Том 6. Публицистика. Воспоминания
Шрифт:
Нынче утром, когда мы были у Юлия, H. Н. говорил, как всегда, о том, что все пропало, что Россия летит в пропасть. У Андрея, ставившего на стол чайный прибор, вдруг запрыгали руки, лицо залилось огнем:
— Да, да, летит, летит! А кто виноват, кто? Буржуазия! И вот увидите, как ее будут резать, увидите! Вспомните тогда вашего генерала Алексеева!
Юлий спросил:
— Да вы, Андрей, хоть раз объясните толком, почему вы больше всего ненавидите именно его?

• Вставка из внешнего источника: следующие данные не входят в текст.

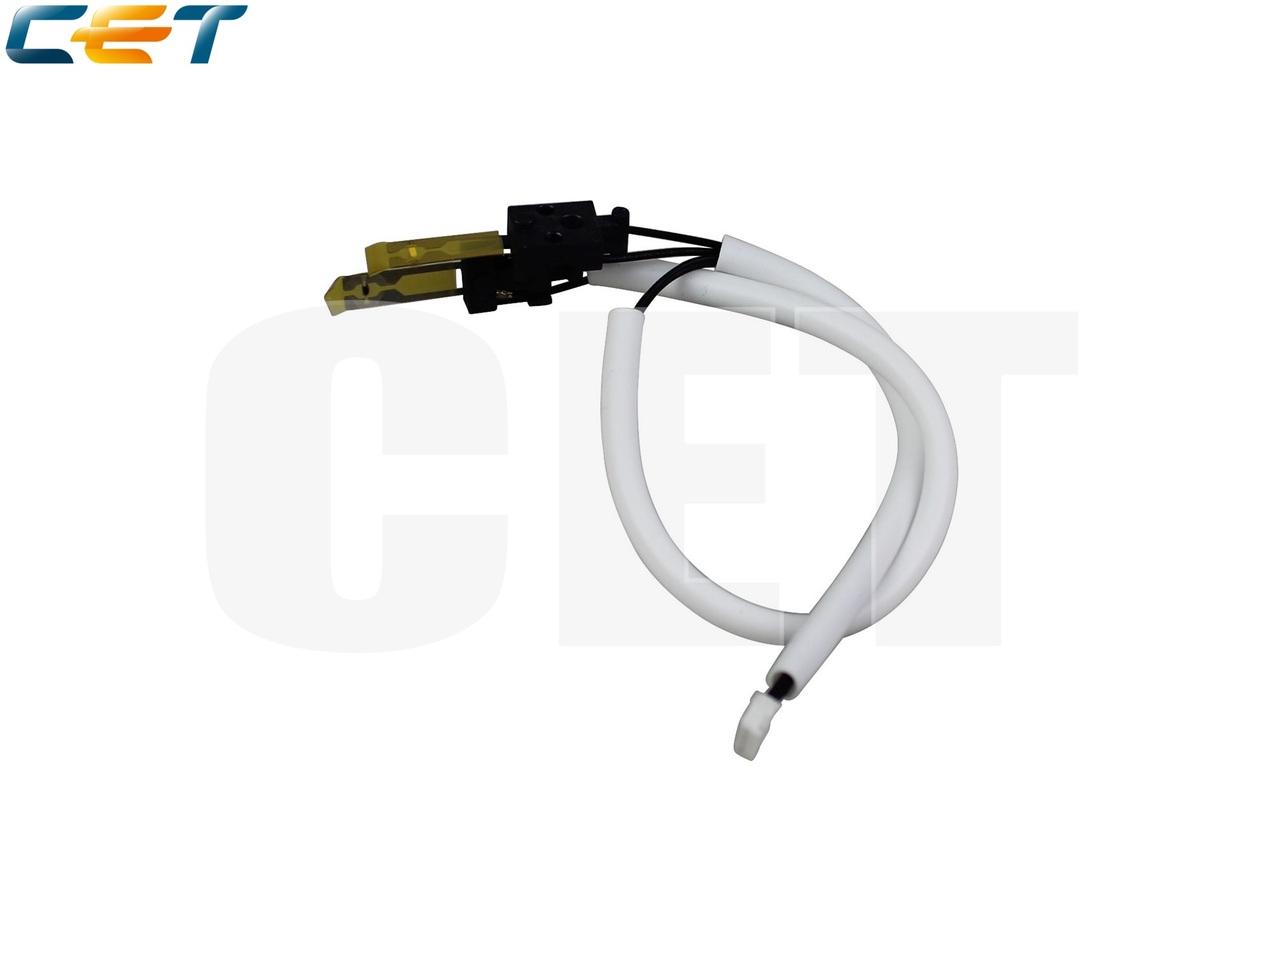 Термистор D009-4177 для RICOH AficioMP4000/MP5000/MP4000B/MP5000B (CET), CET6080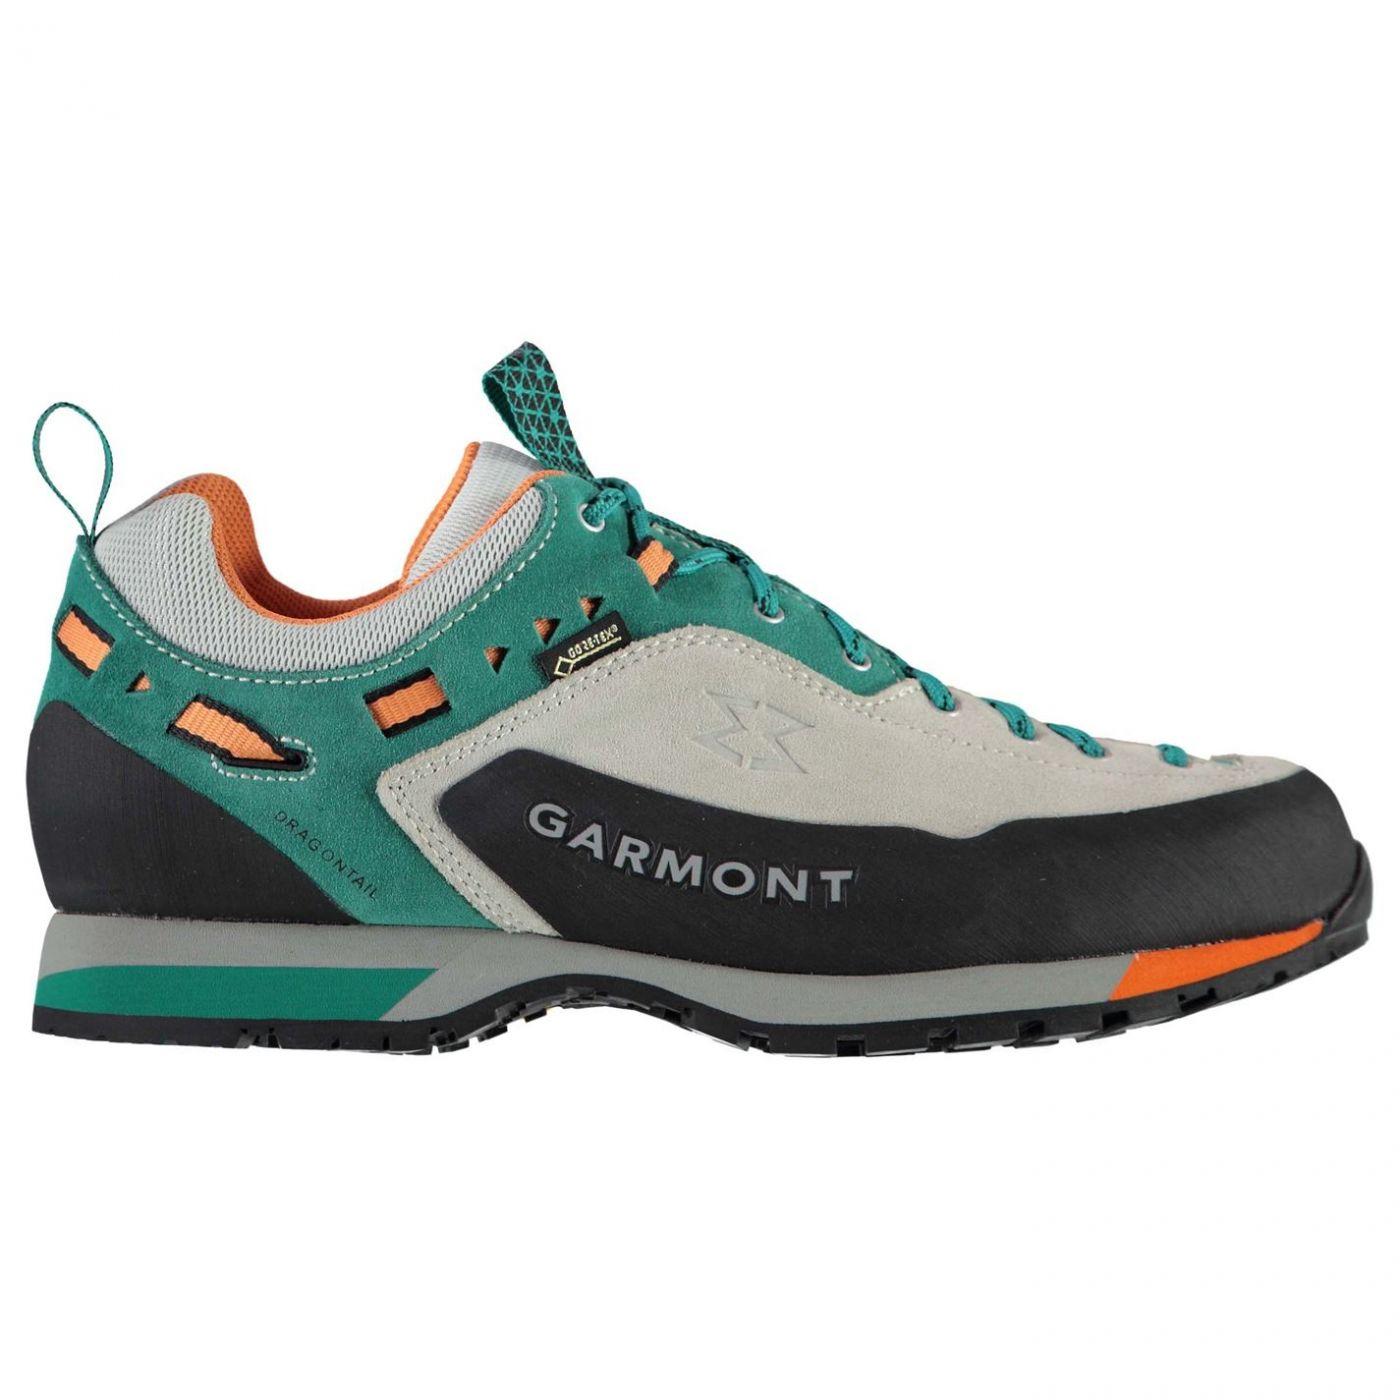 Garmont Dragontail GTX Walking Shoes Ladies

Андрей, не глядя на нас, прошептал:
— Мне нечего объяснять… Вы сами должны
— Но ведь неделю тому назад вы горой стояли за него. Что же случилось?
— Что случилось? А вот погодите, поймете…
9 февраля.
<…> Утром ездил в город.
На Страстной толпа.
Подошел, послушал. Дама с муфтой на руке, баба со вздернутым носом. Дама говорит поспешно, от волнения краснеет, путается.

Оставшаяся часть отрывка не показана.